Therapie van multiple sclerose

Introductie

De diagnose en therapie van multiple sclerose is van groot belang, aangezien alleen een vroege diagnose van de ziekte kan leiden tot een individueel aangepaste therapie die de gevolgschade van MS kan verminderen.

Therapeutische maatregelen voor MS

Een therapie die de oorzaak voorkomt, is nog onbekend. Bedrust dient te worden gehandhaafd tijdens de terugval en daarna wordt fysiotherapie en bewegingstherapie aanbevolen. De therapie varieert afhankelijk van de fase waarin de patiënt zich bevindt.

In de acute fase wordt de terugval beëindigd met de toediening van cortisone. 1 g wordt gedurende 5 dagen intraveneus toegediend. Een sluipen, zoals het anders gebruikelijk is cortisone, is hier niet nodig.

De terugval wordt meestal met succes beëindigd, maar cortisone heeft geen invloed op de ontwikkeling van de ziekte op lange termijn. De toediening is daarom alleen gerechtvaardigd bij de terugval. Vanwege de vele bijwerkingen mag bij MS tegenwoordig geen langdurige medicatie met cortison worden gebruikt.
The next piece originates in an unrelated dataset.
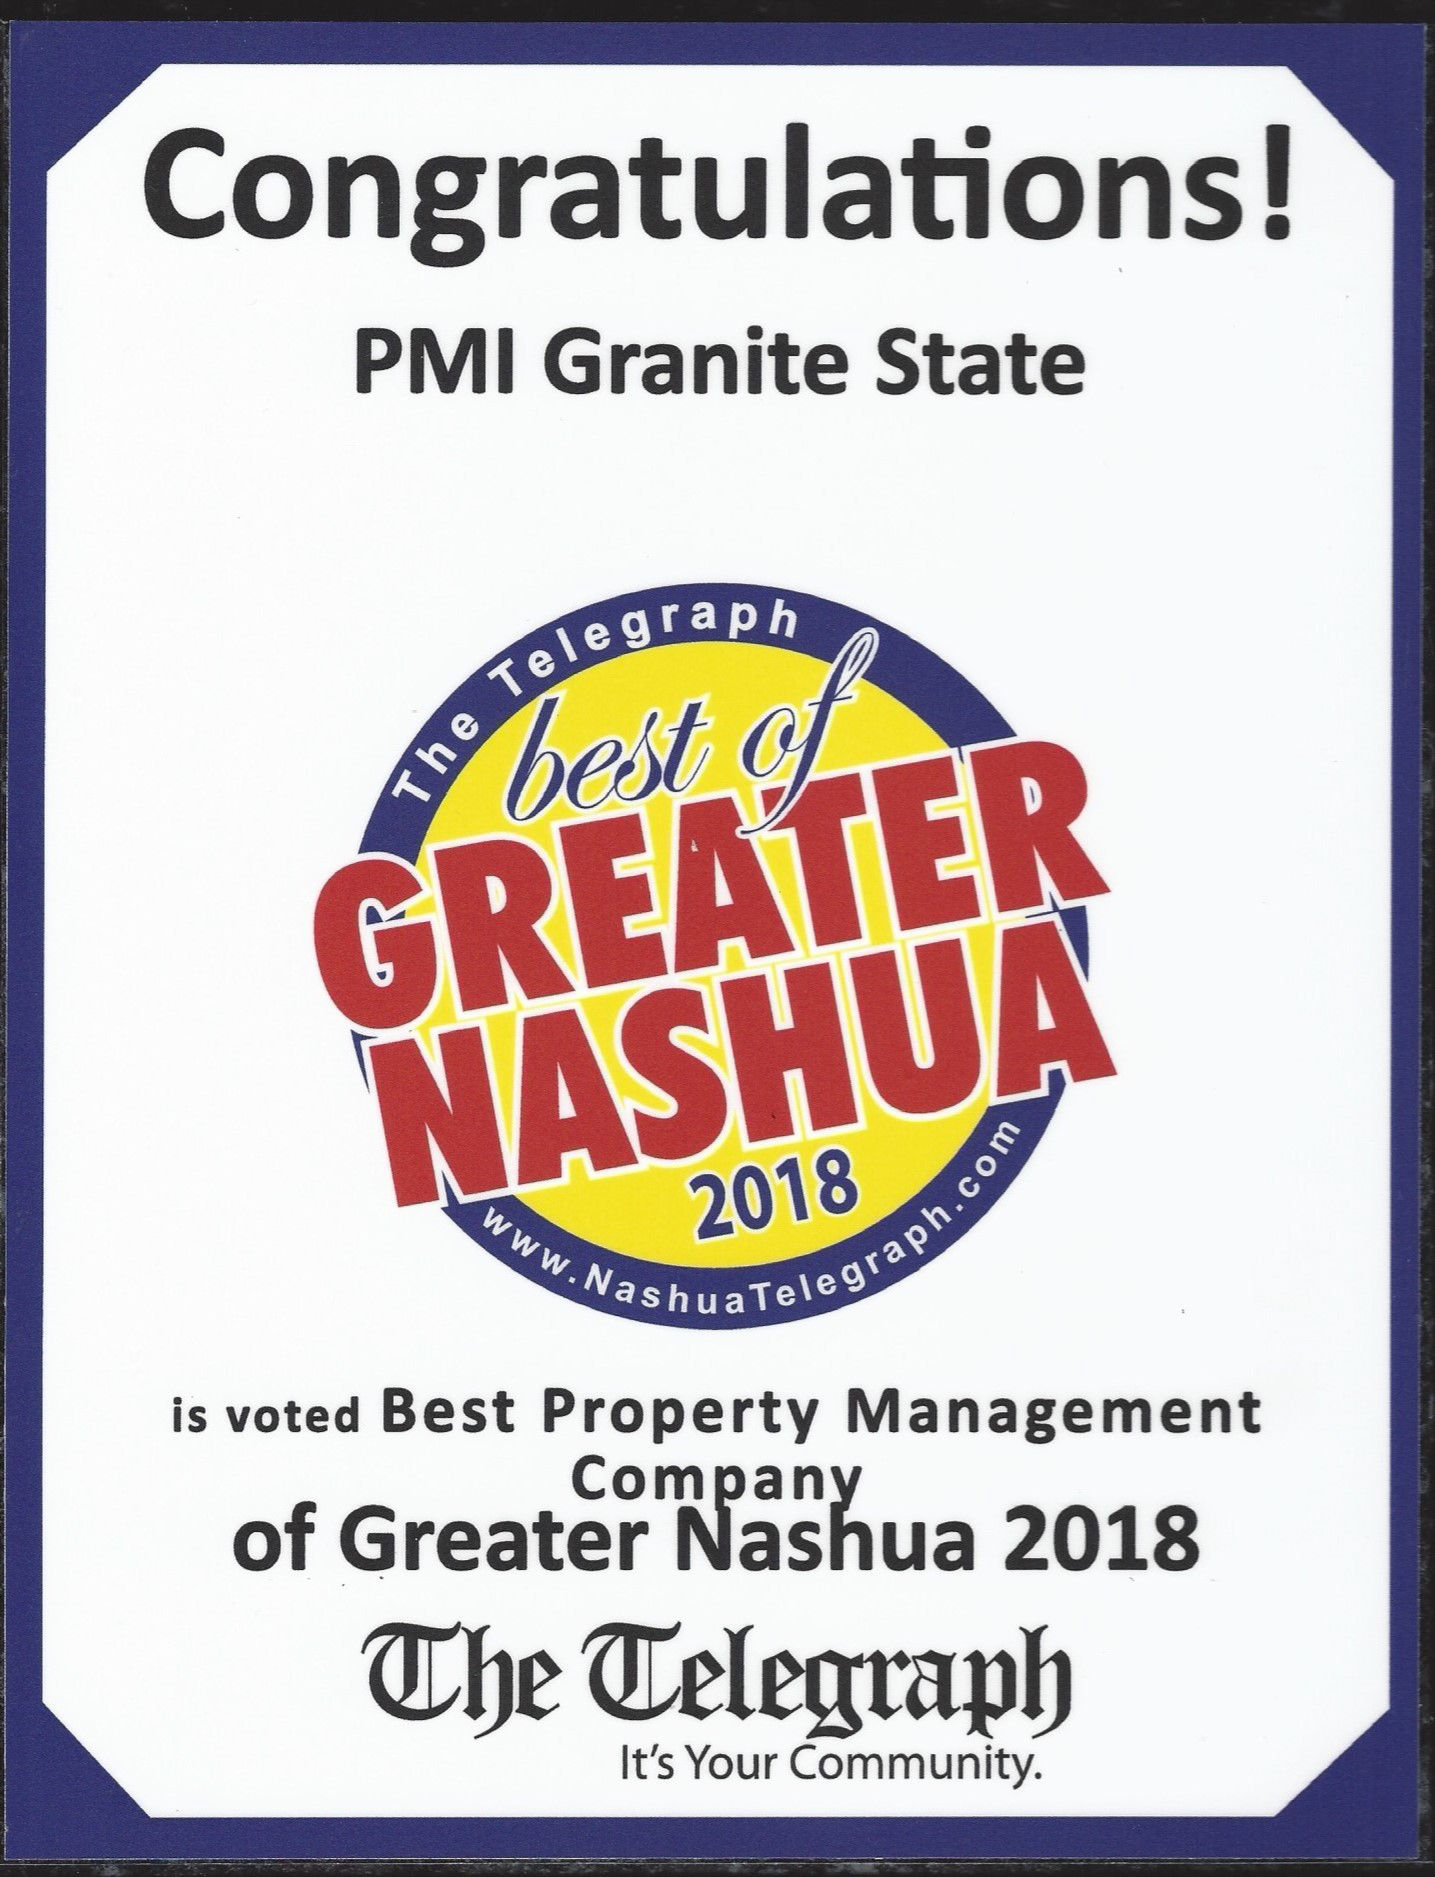 Voted Best Property Management Company of Greater Nashua 2018

Onder de onmiddellijk optredende bijwerkingen zijn maag bescherming, die wordt voorgeschreven naast de medicatie voor maagzweren. Voor langdurige medicatie is de interferon ? (bèta) is geschikt voor langdurige medicatie.
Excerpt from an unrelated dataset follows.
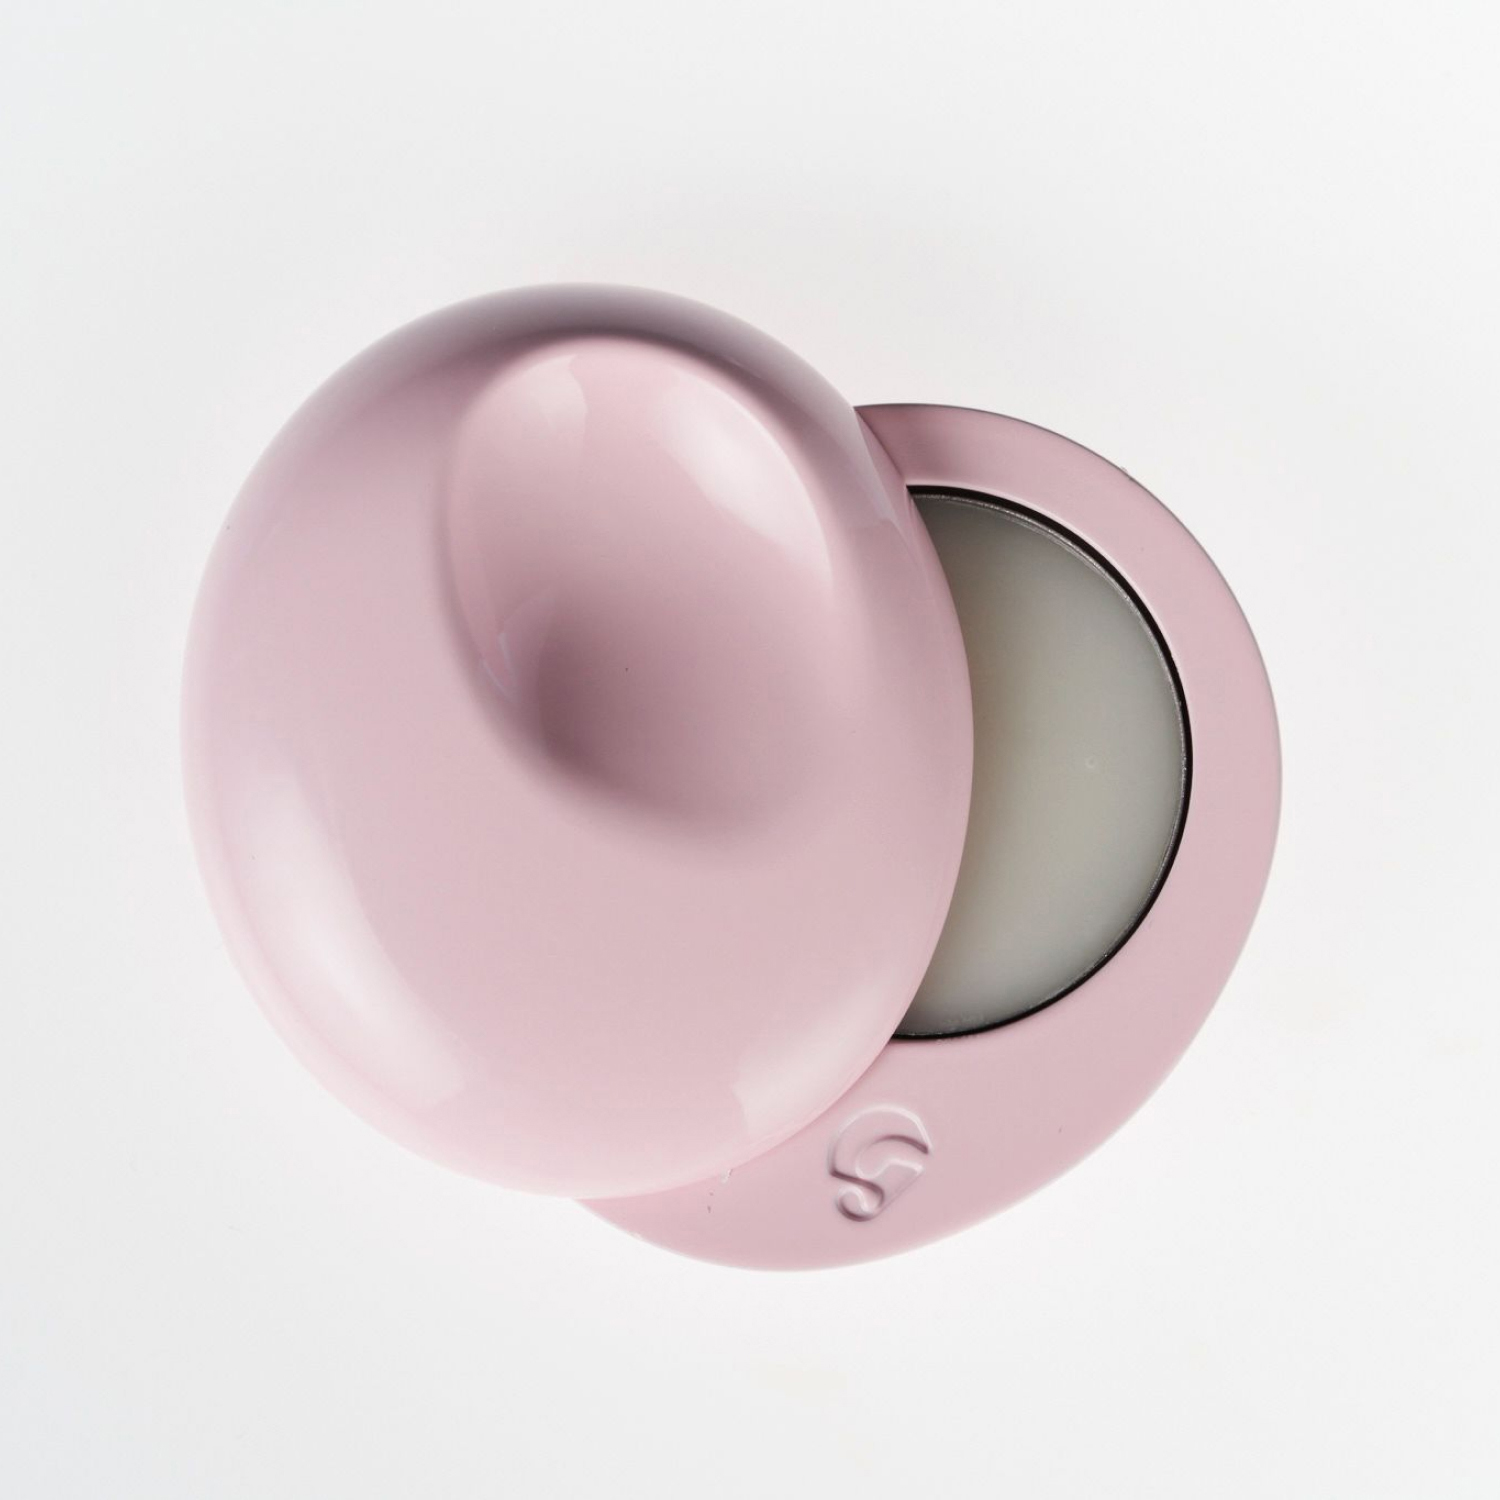 GLOSSIER YOU SOLID PERFUME

Het voorkomt meestal de derde aanval en heeft een positief effect op het gehele beloop multiple sclerose. Het wordt echter alleen voorgeschreven als er minimaal één episode per jaar optreedt. Als de patiënt slechts om de 3 tot 5 jaar (of zelfs minder vaak) een terugval krijgt, is de medicatie niet de moeite waard, omdat ook dit gepaard gaat met bijwerkingen.
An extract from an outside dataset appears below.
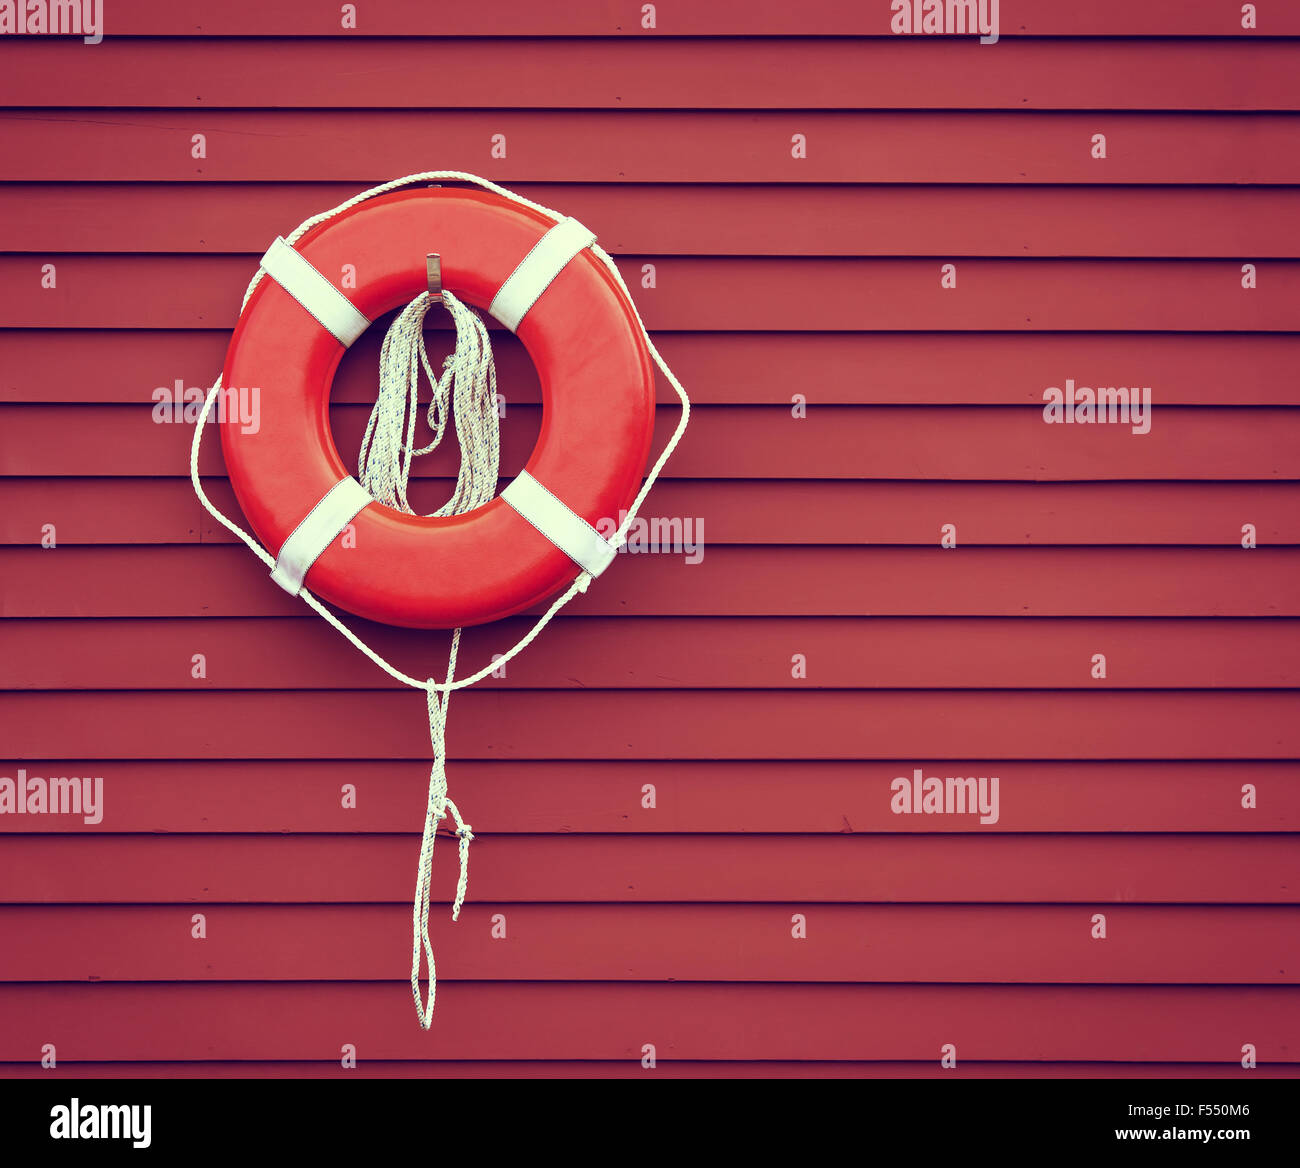 Ring buoy hanging against red, wooden wall background Stock Photo

Deze omvatten bijvoorbeeld griep symptomen (patiënten wordt daarom geadviseerd om bv. één tablet van 500 mg in te nemen paracetamol vooraf), roodheid en ontstekingen van de huid of zelfs allergische reacties. Onder andere wordt de psyche ook aangetast. Depressies, psychosen of zelfs verhoogde zelfmoordneigingen (zelfmoordrisico) kunnen voorkomen.

Patiënten die het leven al moe zijn, krijgen het medicijn niet. Als terugval blijft optreden ondanks therapie met interferon, antilichamen kan als alternatief worden gegeven. Volgens statistieken zou deze zeer nieuwe therapie ongeveer 70 procent van de terugvallen kunnen voorkomen en zelfs tot 80 procent van de laesies die worden gezien in de MRI van de hersenen (magnetische resonantie beeldvorming) kan verdwijnen.

Als de getroffen persoon echter al andere medicijnen gebruikt die het afweersysteem van het lichaam verzwakken, deze antilichamen worden niet toegediend. De bijwerkingen zijn onder meer virale infecties. Als de patiënt lijdt aan een chronische progressieve vorm van MS (zie hierboven), een type chemotherapie (Mitoxantron®) wordt gebruikt.

Bij het toedienen van het medicijn mag een maximale dosis niet worden overschreden. Deze maximale dosis geldt voor de gehele behandeling. Zodra deze dosis is bereikt, heeft de patiënt de therapie beëindigd.

Deze therapie heeft ook bijwerkingen. Onherroepelijk hart- schade of storingen in de bloed samenstelling (te weinig bloedcellen door medicatie) kan voorkomen.

  • Onrust
  • Slapeloosheid
  • Warmtesensatie
  • Facial flushing
  • Maagzweer
  • En natuurlijk de onderdrukking van de immuunsysteem.